▶ [GOAL OF THE EXERCISE]:
Without including any pictures, reproduce all the lines below word for word.

▶ [DATASET EXCERPT]:
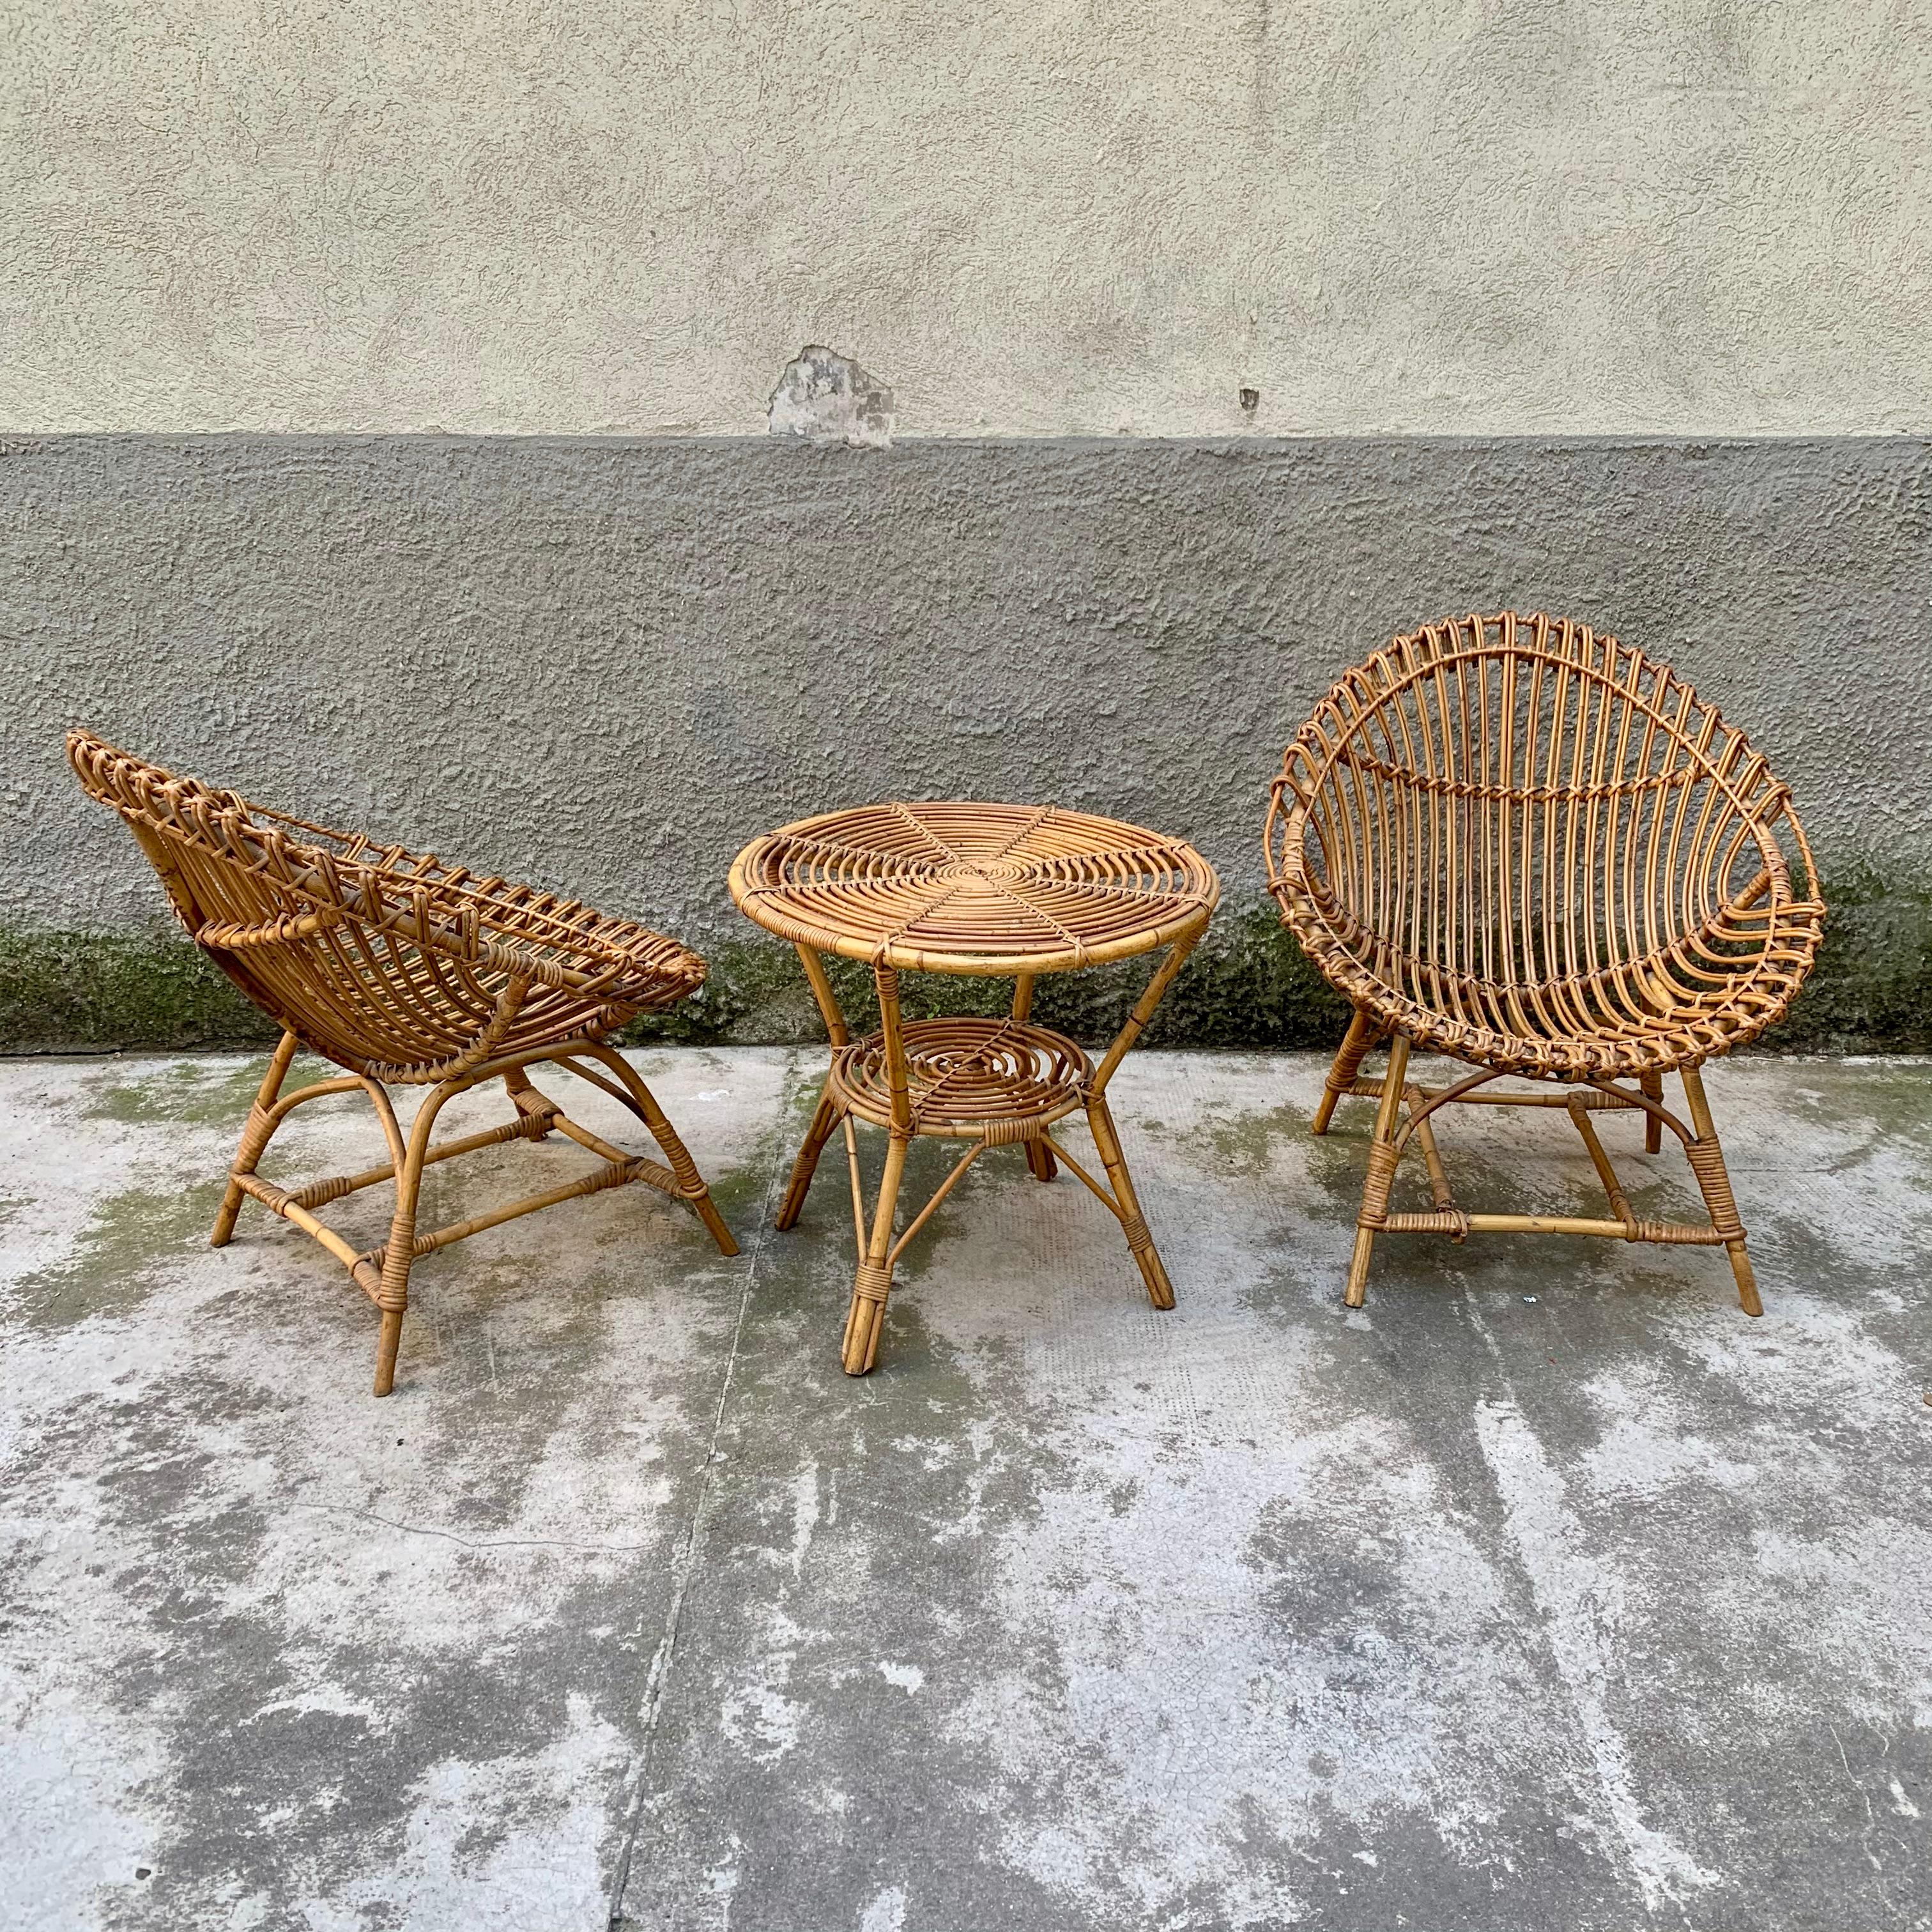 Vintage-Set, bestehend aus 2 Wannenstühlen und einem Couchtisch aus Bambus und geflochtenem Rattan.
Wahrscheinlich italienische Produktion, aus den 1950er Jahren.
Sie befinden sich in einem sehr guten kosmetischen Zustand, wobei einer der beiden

▶ [EXERCISE RESPONSE]:
 Vintage-Set, bestehend aus 2 Wannenstühlen und einem Couchtisch aus Bambus und geflochtenem Rattan.
Wahrscheinlich italienische Produktion, aus den 1950er Jahren.
Sie befinden sich in einem sehr guten kosmetischen Zustand, wobei einer der beiden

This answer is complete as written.